Citizens Bank takes on the federal and private student loans of borrowers with a minimum FICO score of 660. Salvia’s is 810. (He won’t disclose his income.) SoFi’s average client makes $150,000, chief executive Mike Cagney said, and has an average FICO score of 770. The company has never had a client default.
Today, a handful of private companies offer student loan refinancing with these strict eligibility requirements. Citizens Bank and SoFi are among the largest, with thousands of customers nationwide. They say refinancing can be an economic boost, a shortcut to buying a home or starting a business.
But student loan refinancing is not for cash-strapped graduates sinking in a quicksand of debt. The cost-cutting tool isn’t designed to relieve the overburdened.
It’s used to get ahead.
“A quirk of lending: The people who have the most difficult financial situations often get the highest interest rates,” said Mark Kantrowitz, publisher of Edvisors.com. “That makes it even more difficult for them to repay loans.”
Companies won’t risk buying a default, Kantrowitz said. The most vulnerable borrowers, those who must seek other debt-management avenues, can improve credit by making every payment on time.
Consumer protections built into government loans make the process easier. Access to federal income-based repayment and emergency forbearance can be lost when debt is privately refinanced. Banks have no incentive to provide these safety nets. Regardless of whether you refinance, though, it’s almost impossible to wipe out student loan debt in a bankruptcy.
Sen. Elizabeth Warren (D-Mass.) introduced a bill this year to address the country’s student debt problem. (Sen. Sherrod Brown, an Ohio Democrat, attempted a similar move last year.) Warren’s bill, which was backed by Democrats and would have allowed many more borrowers to refinance loans, died over the summer in the Senate and was blocked again last month by Republicans. The measure would have enabled people with older loans to adopt much lower interest rates.
“Homeowners are refinancing,” she said at a recent news conference. “Small businesses are refinancing. We just want young people who got an education to have their shot.”
The current interest rate on undergraduate federal Stafford loans — the most widely borrowed — will be 4.66 percent this school year, an increase from last year’s 3.96 percent. Graduate students’ Stafford rates increased to 6.21 percent, from 5.41 percent. Interest rates on older federal student loans can hit 9 percent, or even higher.
Students who borrow from the government often also finance their education through private loans with often higher rates. Some experts say the contrasting outcomes of rich borrower, poor borrower drive inequality in the United States.
Holly Ittel, 23, wonders how she’ll pay off more than $70,000 in student loan debt. Last week, she had $5 in her bank account.

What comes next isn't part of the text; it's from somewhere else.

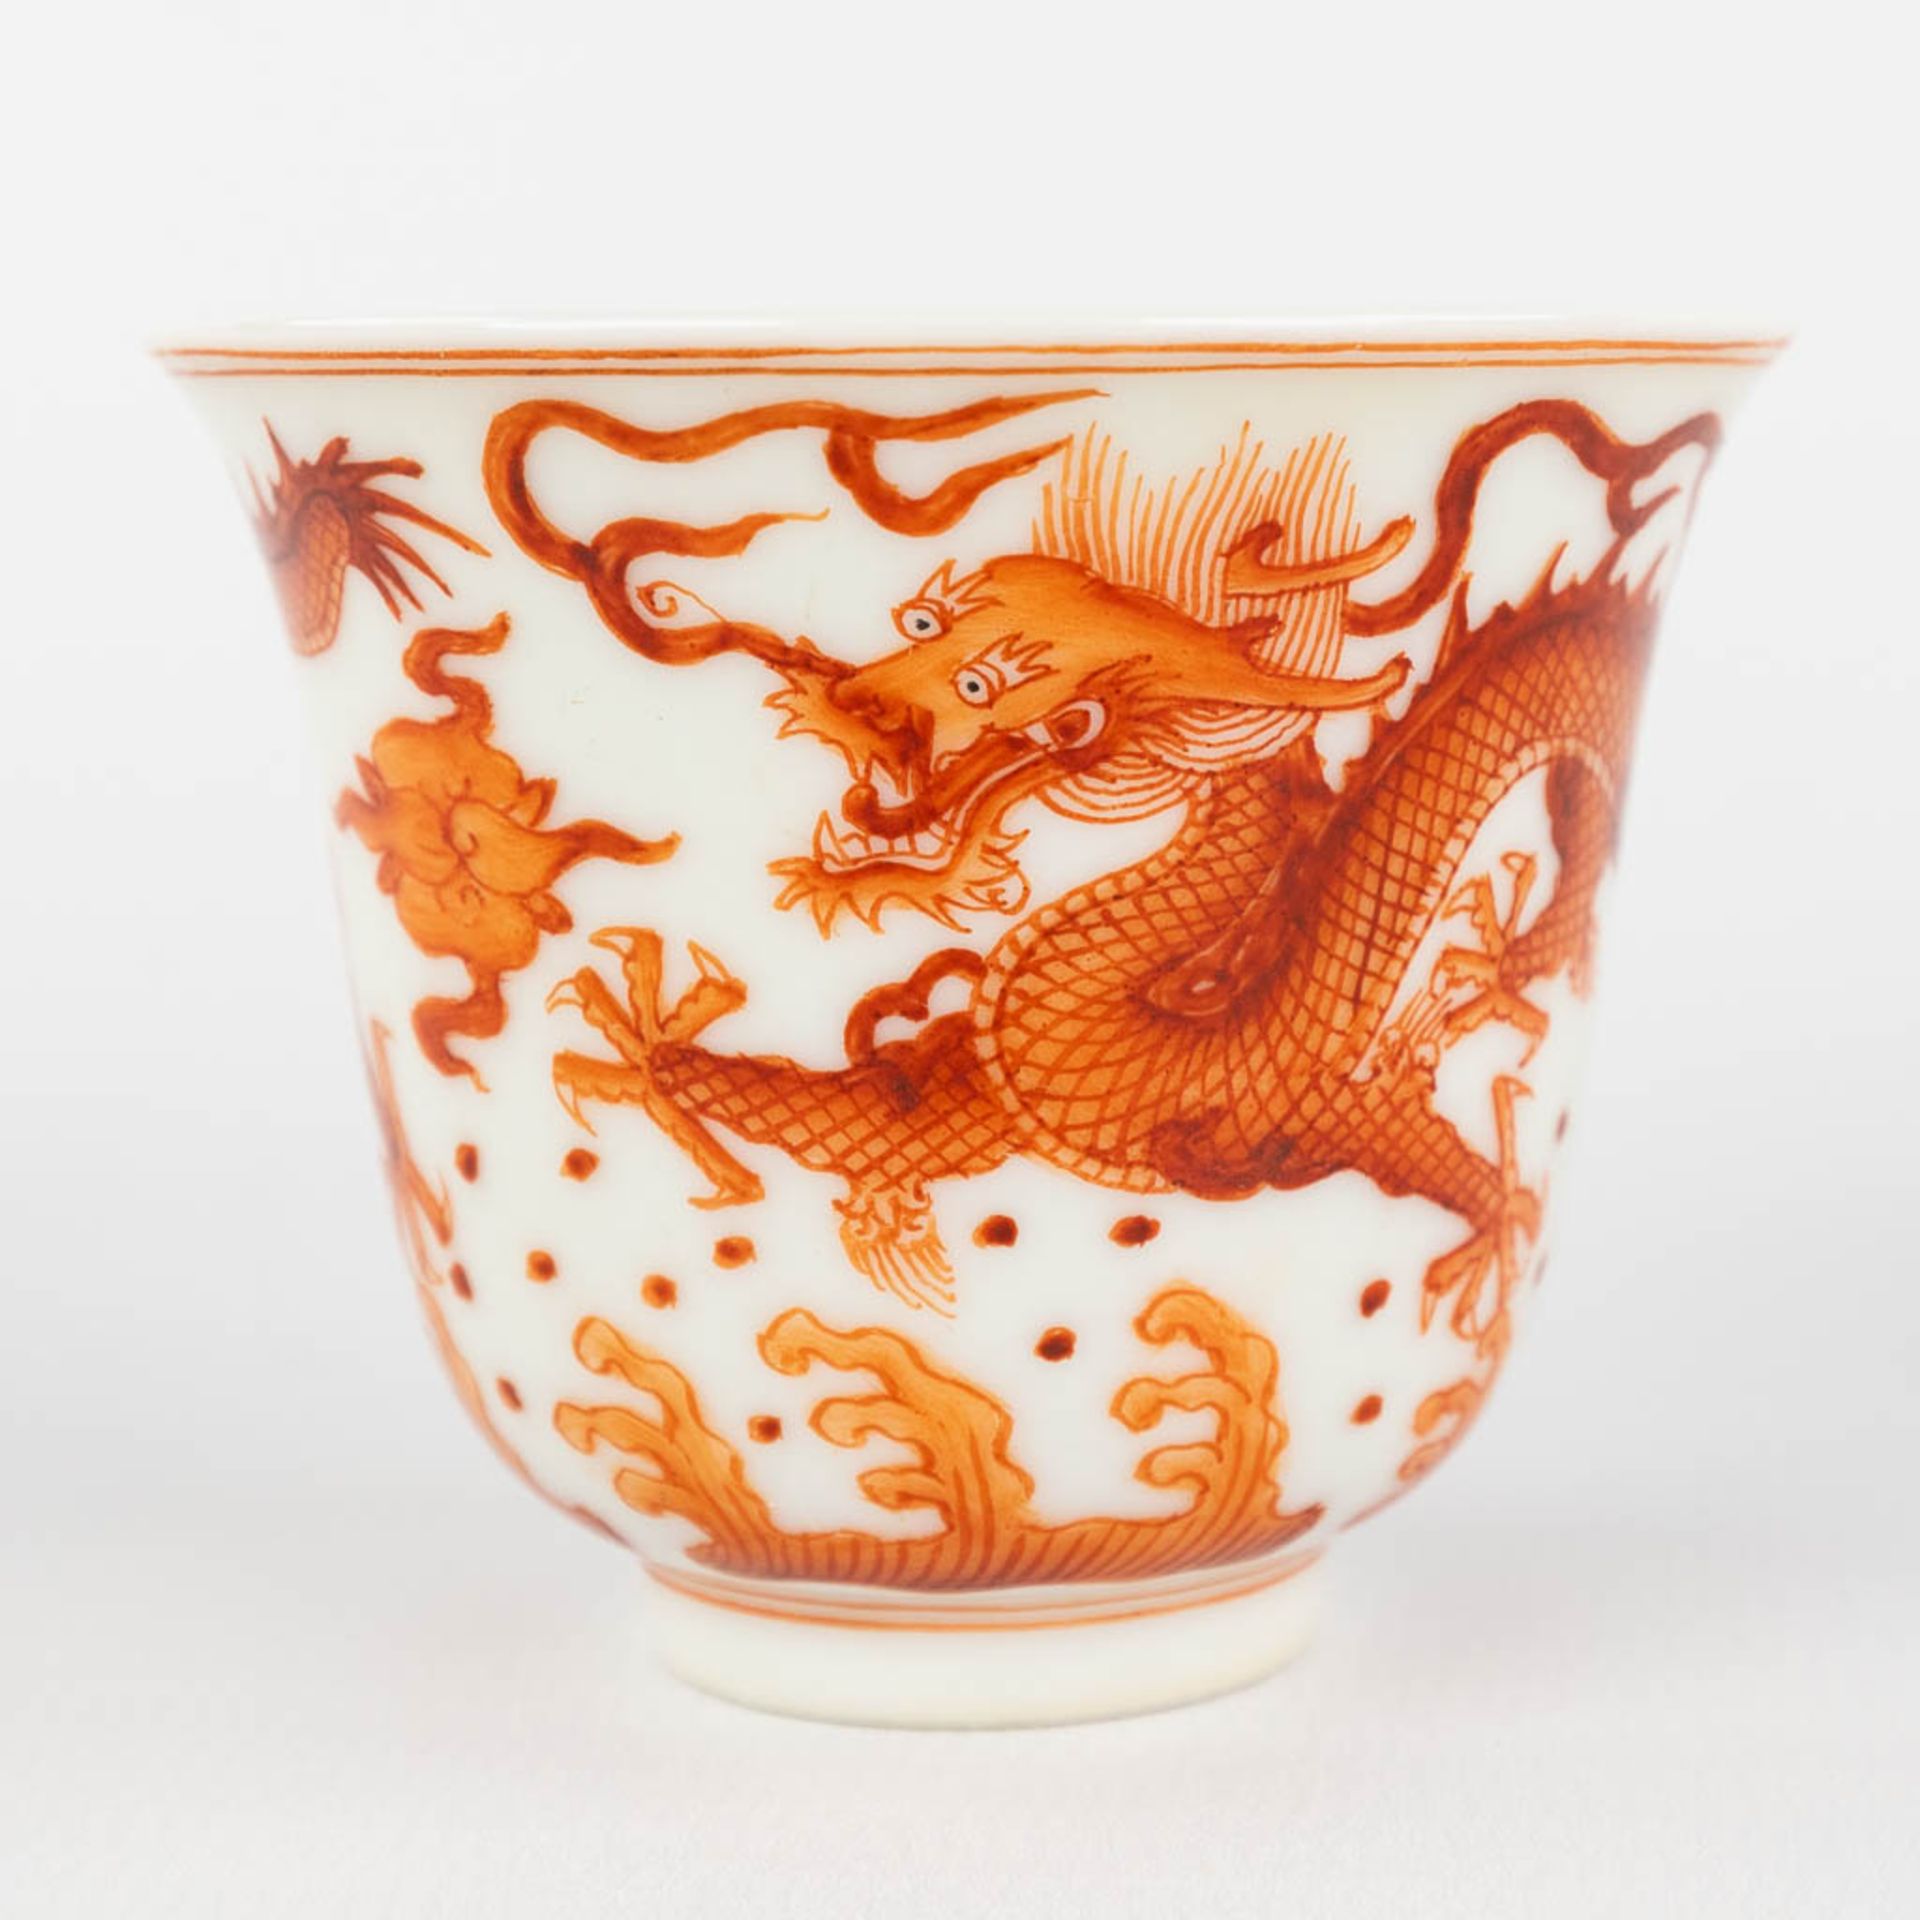 A pair of Chinese teacups, red dragon decor, Guangxu mark and period. (D:6 x H:5 cm) - Image 8 of 9

An artist from Ohio who babysits for wealthy New York City families, Ittel tries not to think about her 9 percent interest rate. She won’t bother trying to refinance her student loans — a lost cause.
Still, Ittel doesn’t regret studying ceramics at Ohio University, though the program cost far more than the community college in her hometown. “I followed my passion there,” she said. “But I didn’t fully realize what I was getting into. I wasn’t fully aware of the debt until after graduation.”
Her monthly income is about $1,200. Her rent in the Bronx is $1,200, split with her boyfriend. Her parents, a farmer and a nurse, cover her private loan payments. Her federal loans are in forbearance until next year.
Ittel searches each day for a higher-paying job, one in the art field. Her dream is to work at a museum. For now, she says, the best way to manage debt is to defer it.
She’ll apply to graduate schools this winter.